Exercise
Set the data down again, exactly as it reads, but without the pictures.

Provided material
• • • •

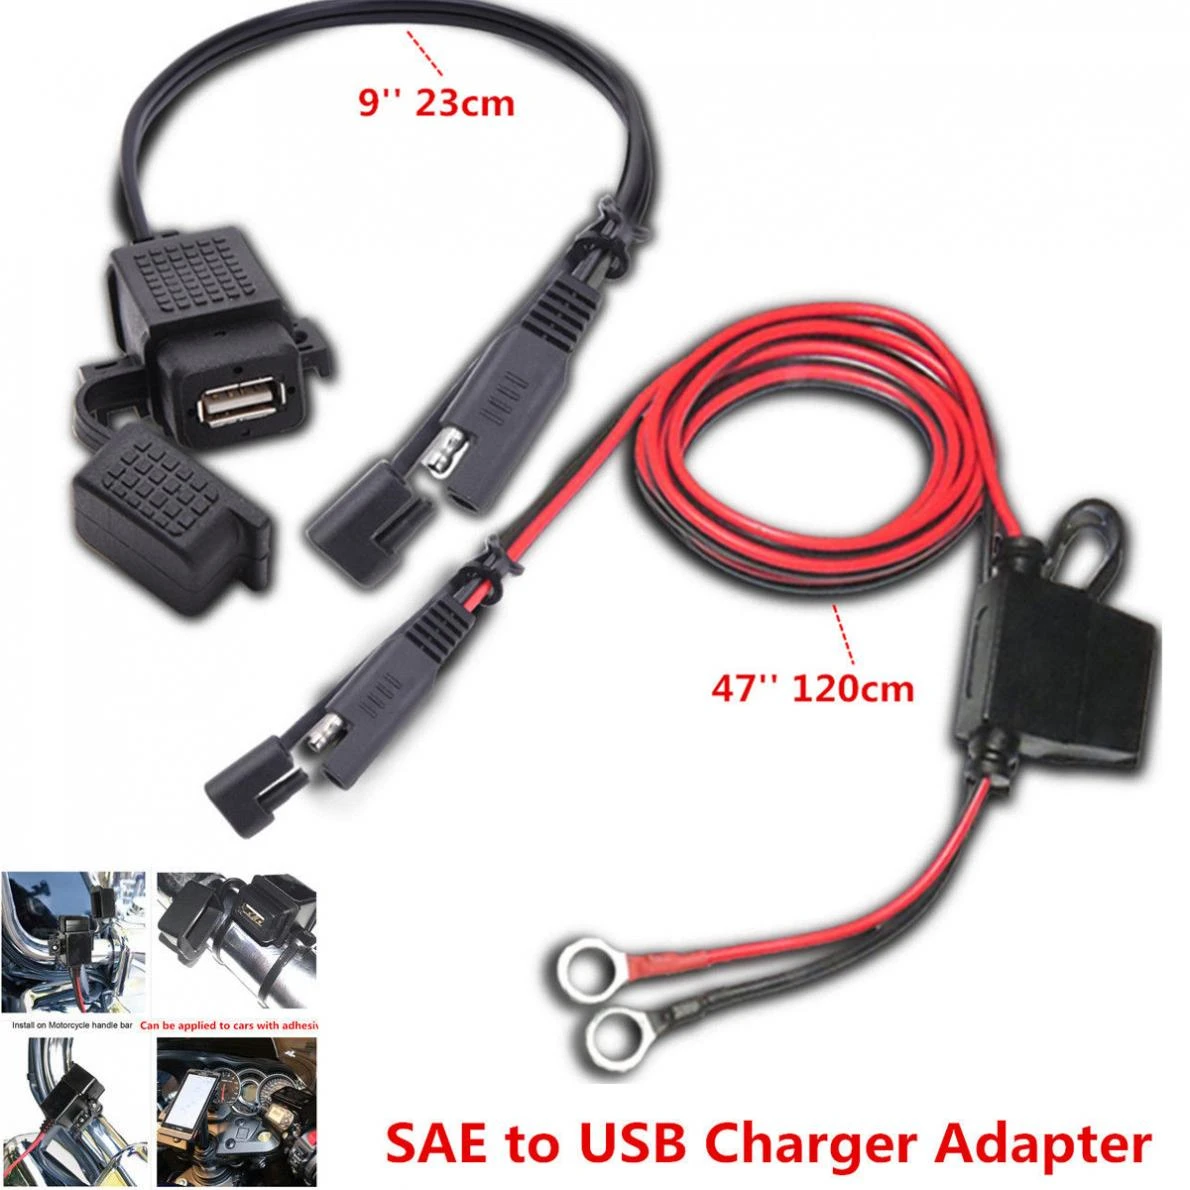 Rupse Motorcycle SAE to USB Charger Cable Adapter Kit with LED Voltmeter Waterproof Switch Control Quick Charger for Smart Phone,Camera Tablet GPS 
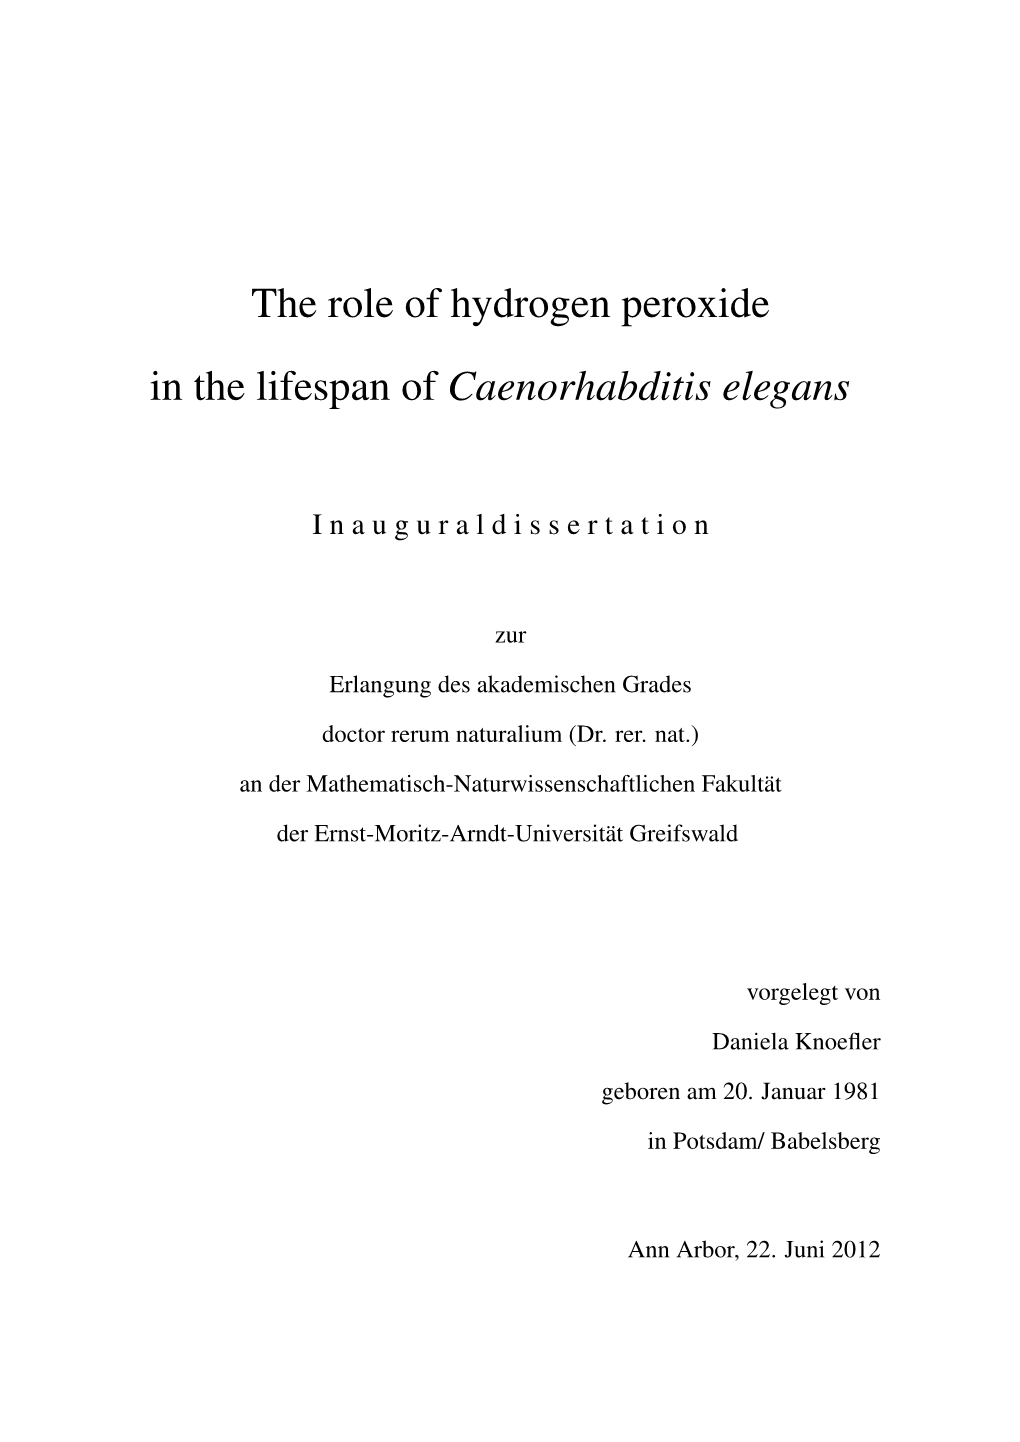 Role of Hydrogen Peroxide in the Lifespan of C. Elegans
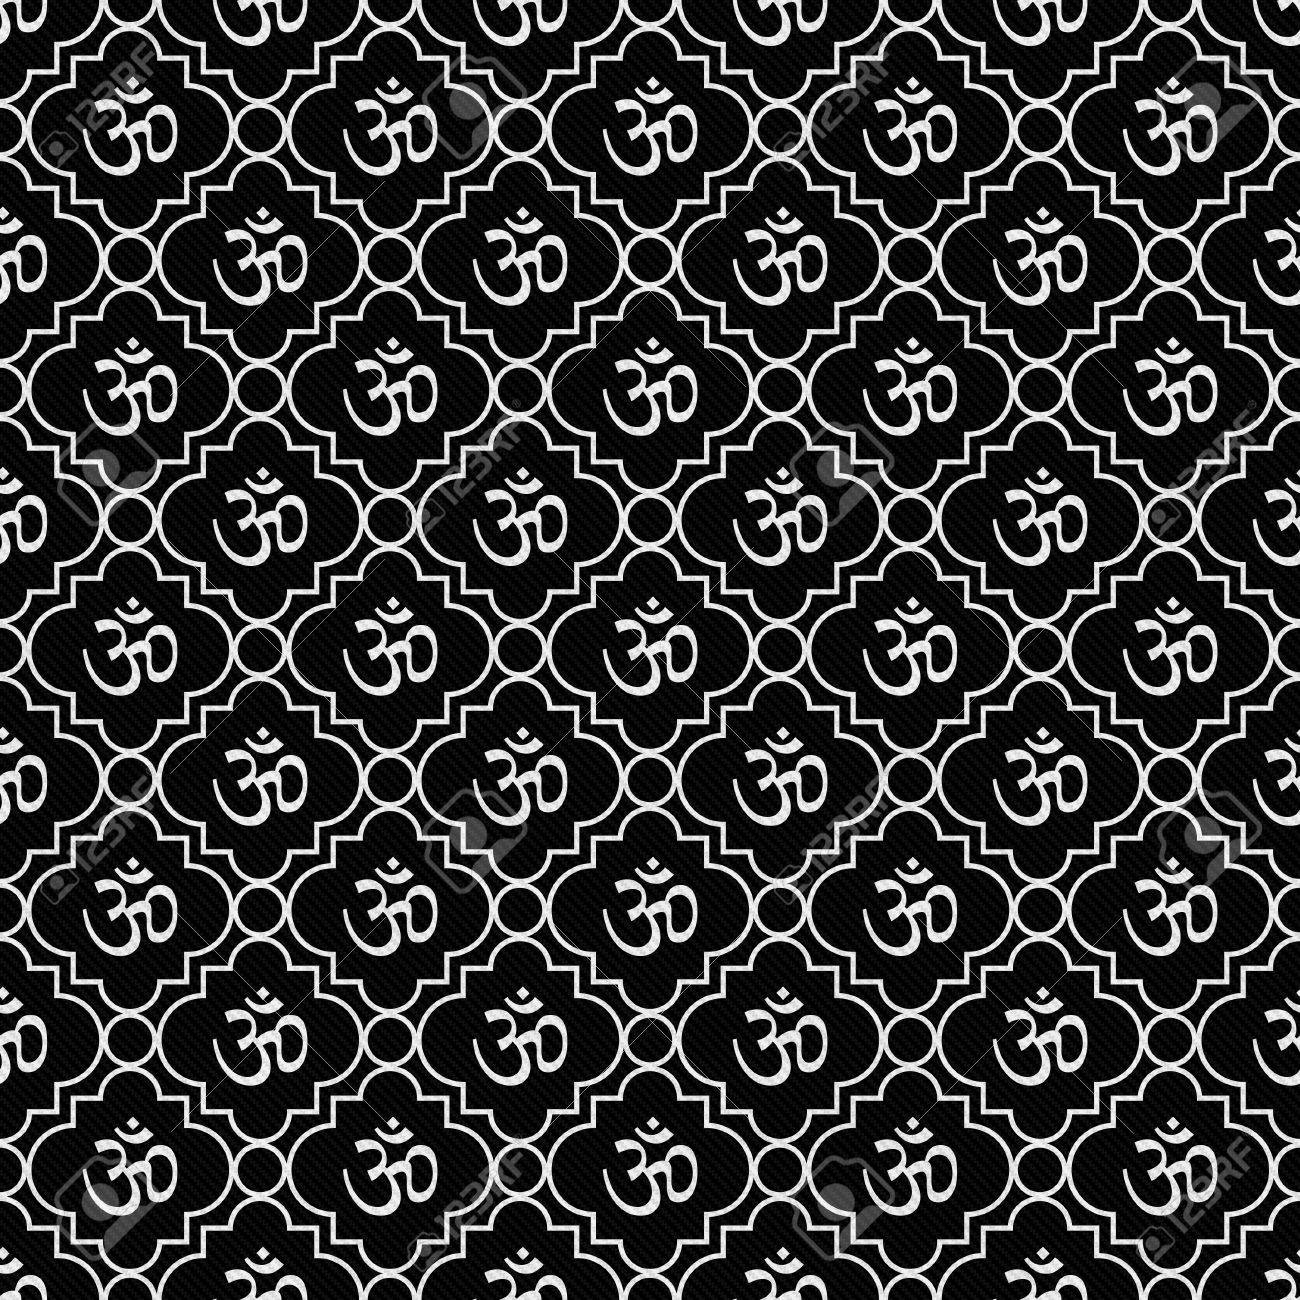 Black And White Aum Hindu Symbol Tile Pattern Repeat Background

• • • •

Solution to the exercise
 Rupse Motorcycle SAE to USB Charger Cable Adapter Kit with LED Voltmeter Waterproof Switch Control Quick Charger for Smart Phone,Camera Tablet GPS 
 Role of Hydrogen Peroxide in the Lifespan of C. Elegans
 Black And White Aum Hindu Symbol Tile Pattern Repeat Background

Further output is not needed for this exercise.